The good news is that because dirty pain originates in your mind, you can choose to turn it off.

Here’s how to beat dirty pain:

Identify which Pain is Dirty

The first step is to identify pain that you are creating:

  • Fears about the future are universally dirty.
  • Anxiety about the past is dirty unless it only exists to avert a similar situation in the future, and then only if that future situation is both probable and legitimately detrimental. If you’re not sure, then it’s dirty.
  • The grimace on your face as you cope with a broken bone is dirty. Your brain is grimacing because it’s a complicated social reaction, and the more you do it the more you’ll believe it. Don’t believe it. I call that “buying the hype.” Don’t buy the hype. Your broken bone probably hurts, but it’s not debilitating. Think of a dog limping along with a sprained ankle, smile on his face.
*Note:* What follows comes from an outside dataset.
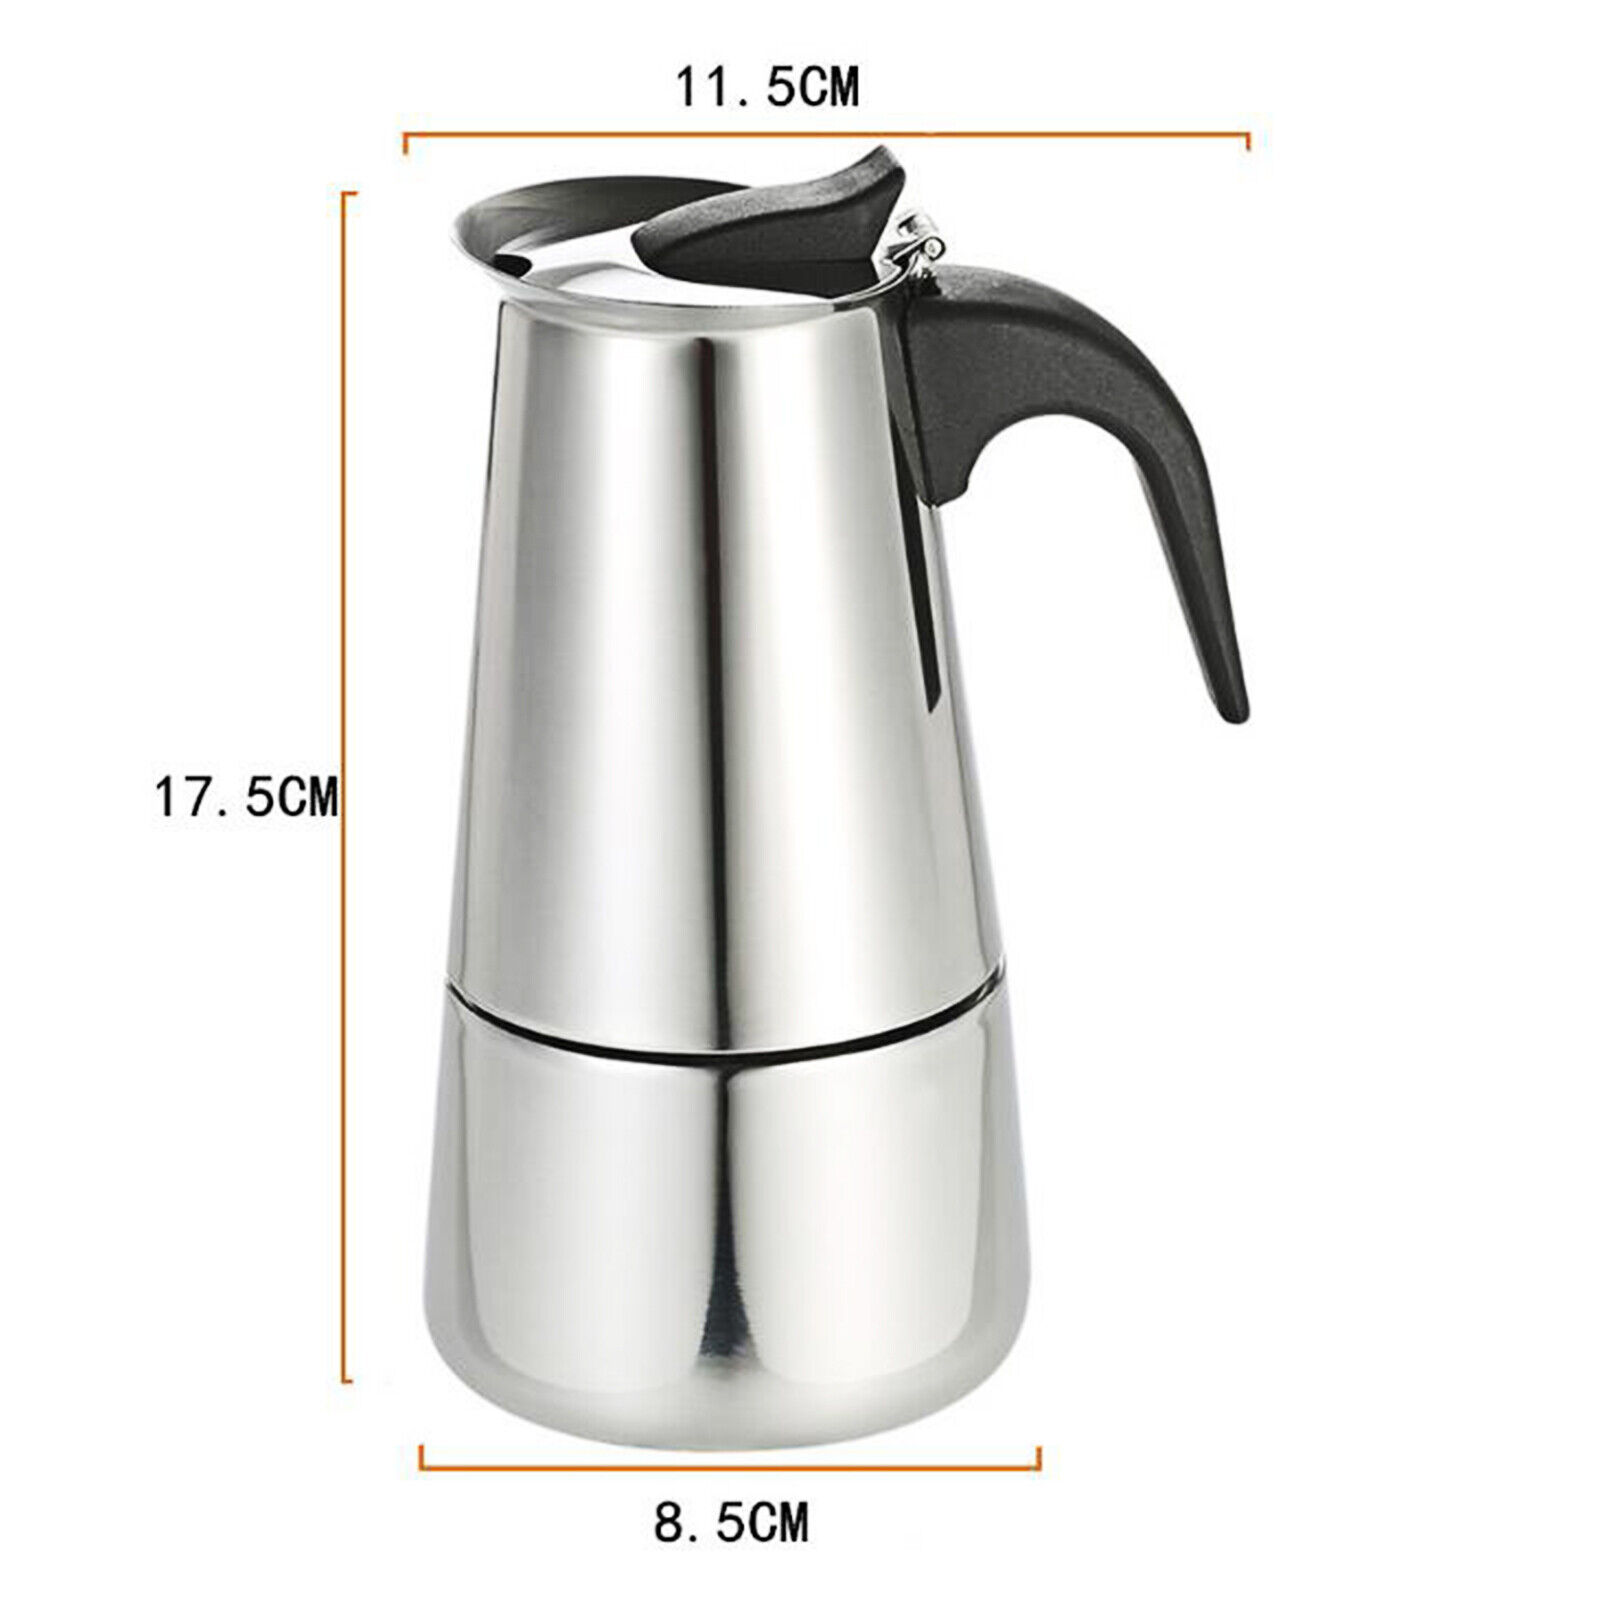 Coffee Espresso Maker Stovetop Moka Pot 4/6/9 Cup Stainless Steel Coffee Maker

He is not reflecting on whatever pain he’s experiencing, and neither should you.

Acknowledge and Ignore the Pain

turn it off by consciously acknowledging it and consciously choosing not to react to it

Once you’ve identified which pain is dirty, you turn it off by consciously acknowledging it and consciously choosing not to react to it. Be as nervous about your speech as you want to be. Wallow in as much self pity about your broken collar bone as you want to. But speak anyway, and hold your body and face straight anyway.

Be crushed by devastating fear of rejection, but talk to her anyway. Be consumed by terror, but jump out of that plane regardless.
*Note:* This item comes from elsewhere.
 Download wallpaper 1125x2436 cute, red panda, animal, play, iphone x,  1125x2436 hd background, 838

Doing that not only numbs you to fear in exactly the way rejection therapy does, but it has the longer lasting effect of preventing the fear from being generated in the first place. You’re training yourself to exist in the present, and to react to reality.

A perfect example is public speaking. Almost everyone is terrified of it, and when you take the first step of doing it anyway, you are initially petrified. The more you subject yourself to that terror, the less hold it has over you. Eventually the fear goes away entirely as you make yourself competent and convince yourself there’s nothing to fear.

Clean pain is inevitable, but you will find as every athlete and creative has, that clean pain is tolerable. Clean pain is often the precursor to growth, so you may even learn to enjoy it and seek it out.

Take your life back from the dirty pain you create by realizing it’s there, acknowledging it, and then ignoring it entirely.